In the listing that follows, locate the line containing "Alternate Image 4" and the line containing "Simply Buy (Shanghai)". Retype exactly those two lines and every line between them, and nothing more.

**DATA:**
══════════

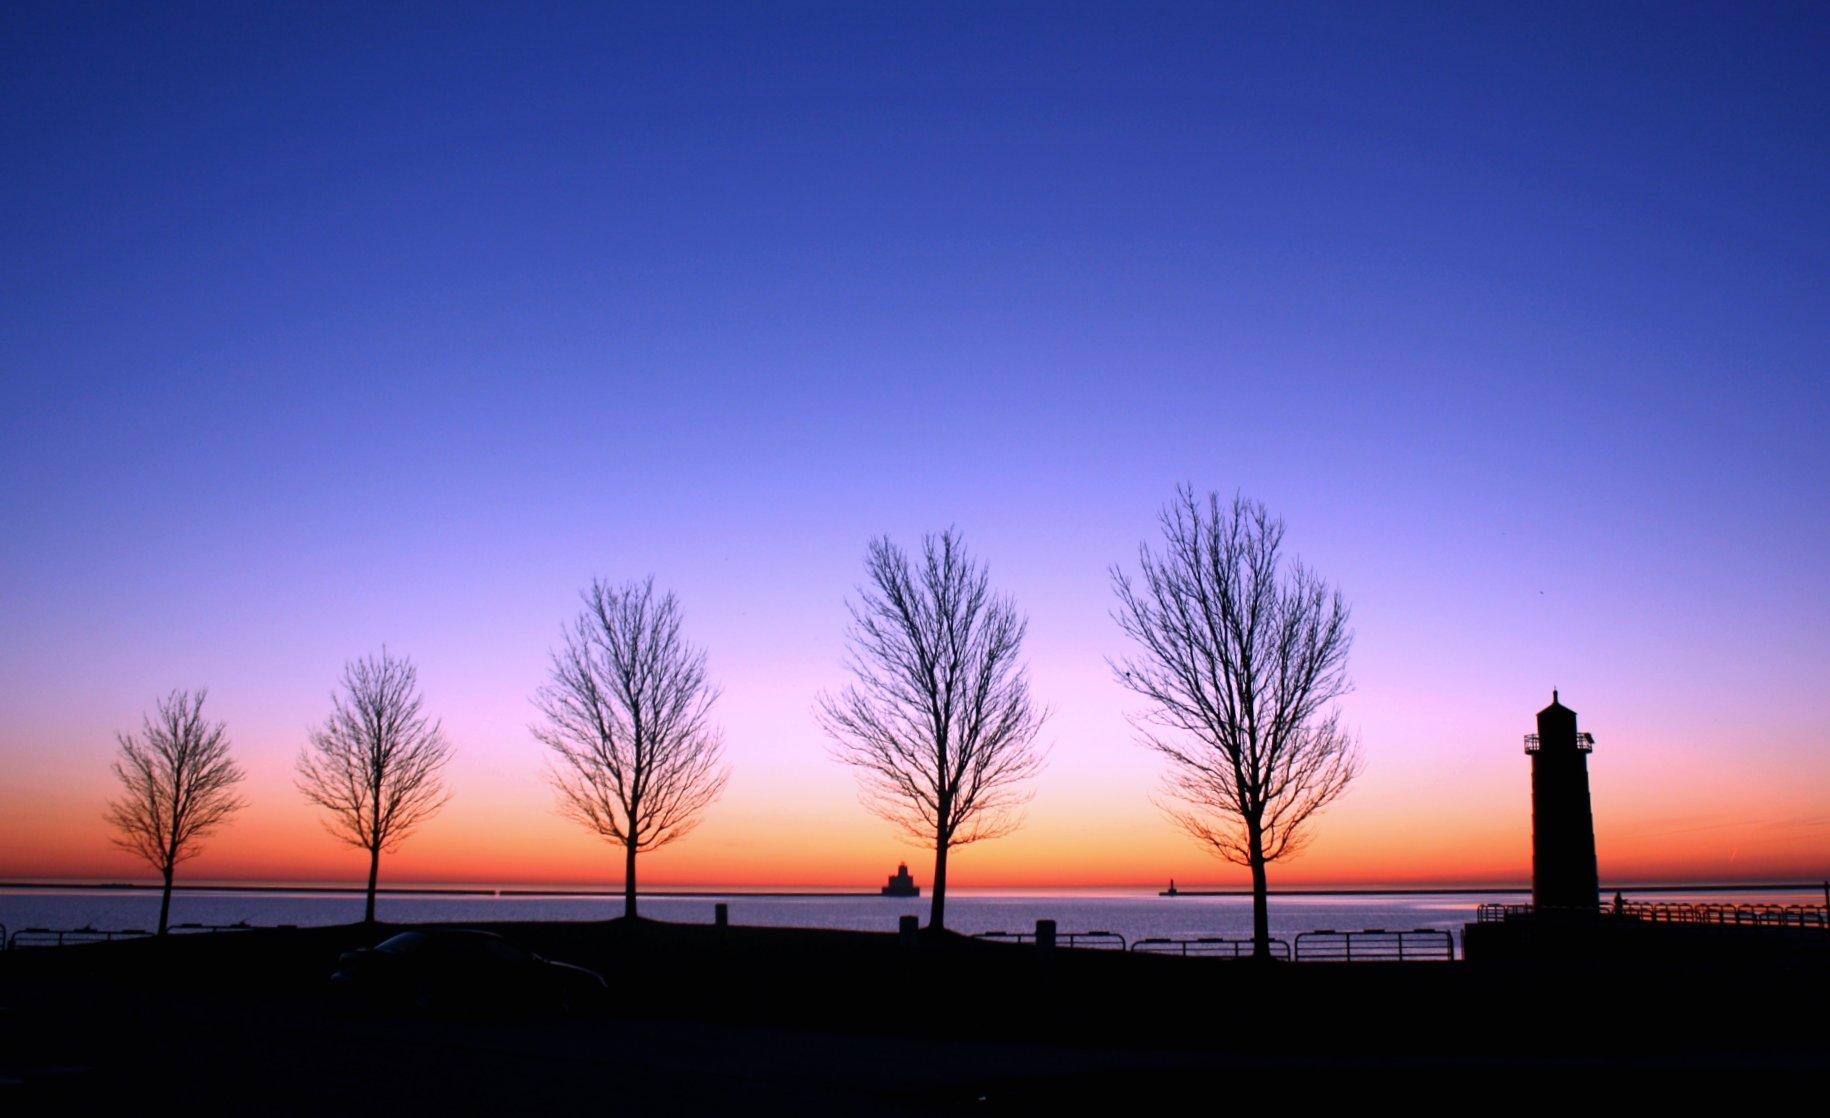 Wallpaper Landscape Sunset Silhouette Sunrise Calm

══════════

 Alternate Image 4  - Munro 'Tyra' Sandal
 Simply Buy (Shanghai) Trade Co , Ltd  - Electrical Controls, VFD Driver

══════════

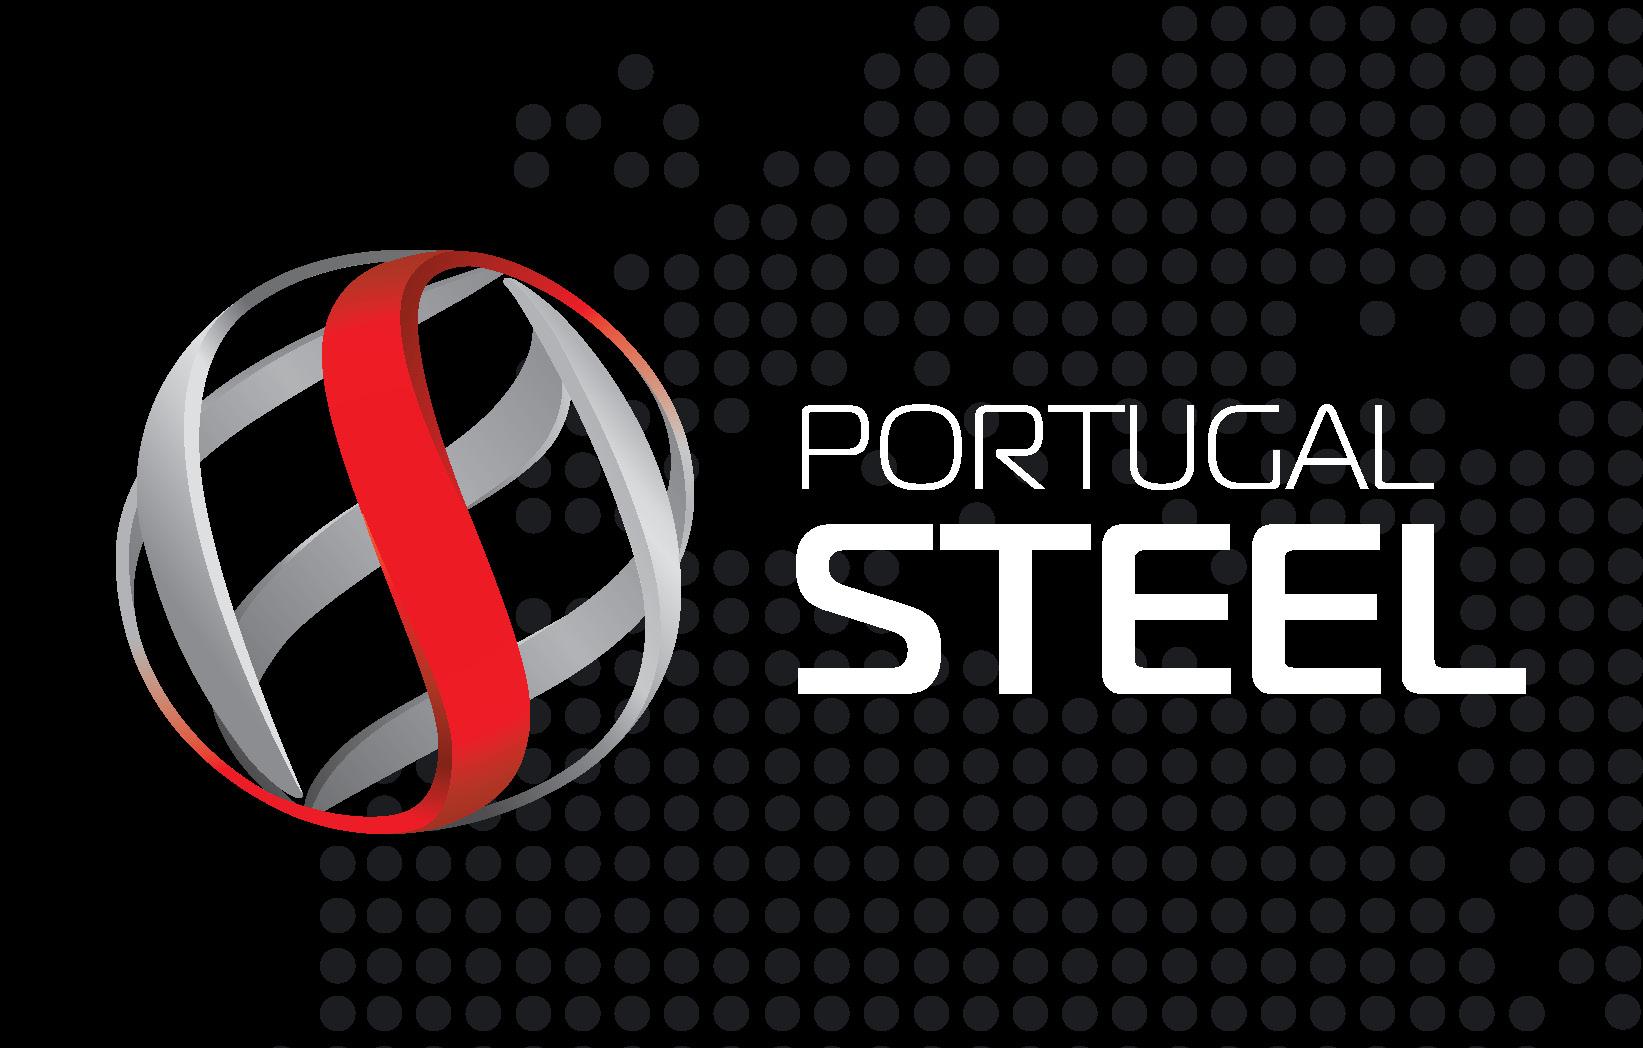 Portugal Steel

══════════

**ANSWER TO THIS PROBLEM:**
 Alternate Image 4  - Munro 'Tyra' Sandal
 Simply Buy (Shanghai) Trade Co , Ltd  - Electrical Controls, VFD Driver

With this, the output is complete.